You are viewing a plain text version of this content. The canonical link for it is here.
Posted to fx-dev@ws.apache.org by we...@apache.org on 2004/03/03 21:44:52 UTC
cvs commit: ws-fx/wss4j/src/org/apache/ws/security/message/token UsernameToken.java
werner 2004/03/03 12:44:51
Modified: wss4j/src/org/apache/ws/security WSConstants.java
wss4j/src/org/apache/ws/axis/security WSDoAllConstants.java
WSDoAllSender.java
wss4j/src/org/apache/ws/security/message/token
UsernameToken.java
Log:
Fix problem with UsernameToken (password type,
setting of Nonce, timestamp)
Revision Changes Path
1.5 +3 -0 ws-fx/wss4j/src/org/apache/ws/security/WSConstants.java
Index: WSConstants.java
===================================================================
RCS file: /home/cvs/ws-fx/wss4j/src/org/apache/ws/security/WSConstants.java,v
retrieving revision 1.4
retrieving revision 1.5
diff -u -r1.4 -r1.5
--- WSConstants.java 29 Feb 2004 13:38:18 -0000 1.4
+++ WSConstants.java 3 Mar 2004 20:44:51 -0000 1.5
@@ -86,6 +86,7 @@
* <p/>
* This is a required method as defined by WS Specification, Username token profile.
*/
+ public static final String PW_DIGEST = "PasswordDigest";
public static final String PASSWORD_DIGEST = WSSE_NS + "#PasswordDigest";
/**
@@ -94,6 +95,8 @@
* <p/>
* This is a required method as defined by WS Specification, Username token profile.
*/
+ public static final String PW_TEXT = "PasswordText";
+
public static final String PASSWORD_TEXT = WSSE_NS + "#PasswordText";
/**
1.3 +4 -4 ws-fx/wss4j/src/org/apache/ws/axis/security/WSDoAllConstants.java
Index: WSDoAllConstants.java
===================================================================
RCS file: /home/cvs/ws-fx/wss4j/src/org/apache/ws/axis/security/WSDoAllConstants.java,v
retrieving revision 1.2
retrieving revision 1.3
diff -u -r1.2 -r1.3
--- WSDoAllConstants.java 26 Feb 2004 12:59:42 -0000 1.2
+++ WSDoAllConstants.java 3 Mar 2004 20:44:51 -0000 1.3
@@ -412,17 +412,17 @@
* Specific parameter for UsernameToken action to define the encoding
* of the passowrd.
* <p/>
- * The parameter can be set to either {@link WSConstants#PASSWORD_DIGEST}
- * or to {@link WSConstants#PASSWORD_TEXT}.

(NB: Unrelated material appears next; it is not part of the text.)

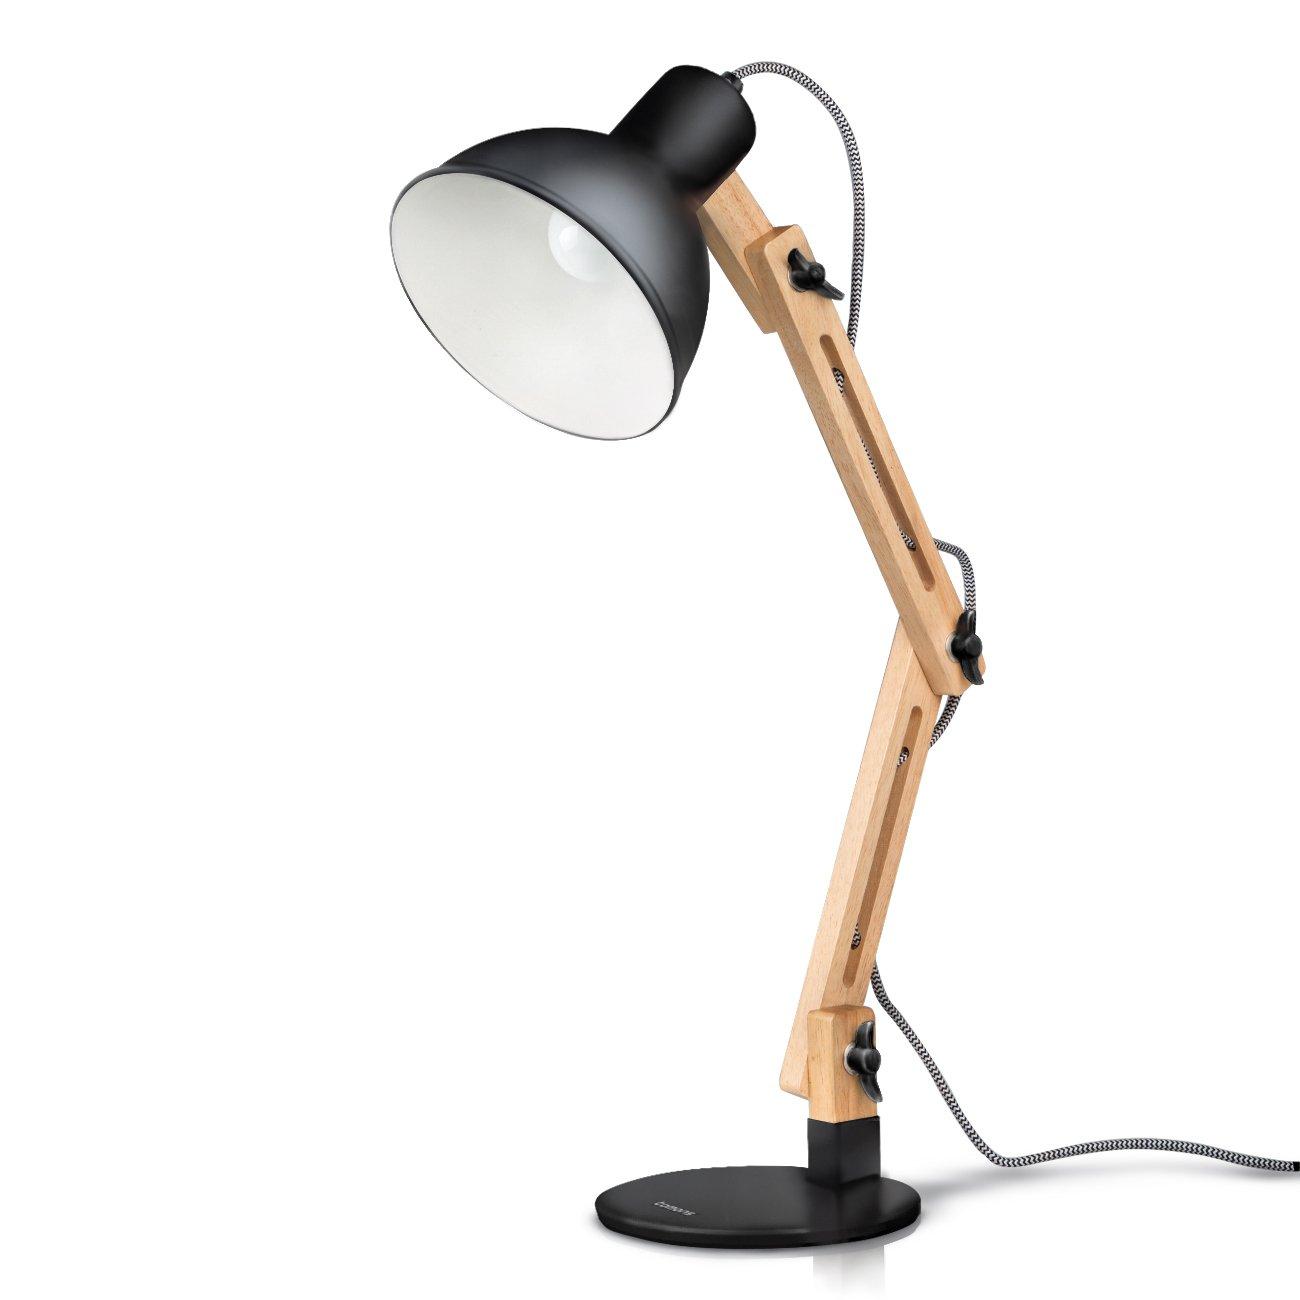 Tomons Scandinavian Swing Arm Wood Desk Lamp Table Lamp (LED Bulb Included)    Black: Amazon.co.uk: Kitchen U0026 Home Part 89

+ * The parameter can be set to either {@link WSConstants#PW_DIGEST}
+ * or to {@link WSConstants#PW_TEXT}.
* <p/>
* The application may set this parameter using the following method:
* <pre>
- * call.setProperty(WSDoAllConstants.PASSWORD_TYPE, WSConstants.PASSWORD_DIGEST);
+ * call.setProperty(WSDoAllConstants.PASSWORD_TYPE, WSConstants.PW_DIGEST);
* </pre>
* However, the parameter in the WSDD deployment file overwrites the
* property setting (deployment setting overwrites application setting).
* <p/>
- * The default setting is PASSWORD_DIGEST.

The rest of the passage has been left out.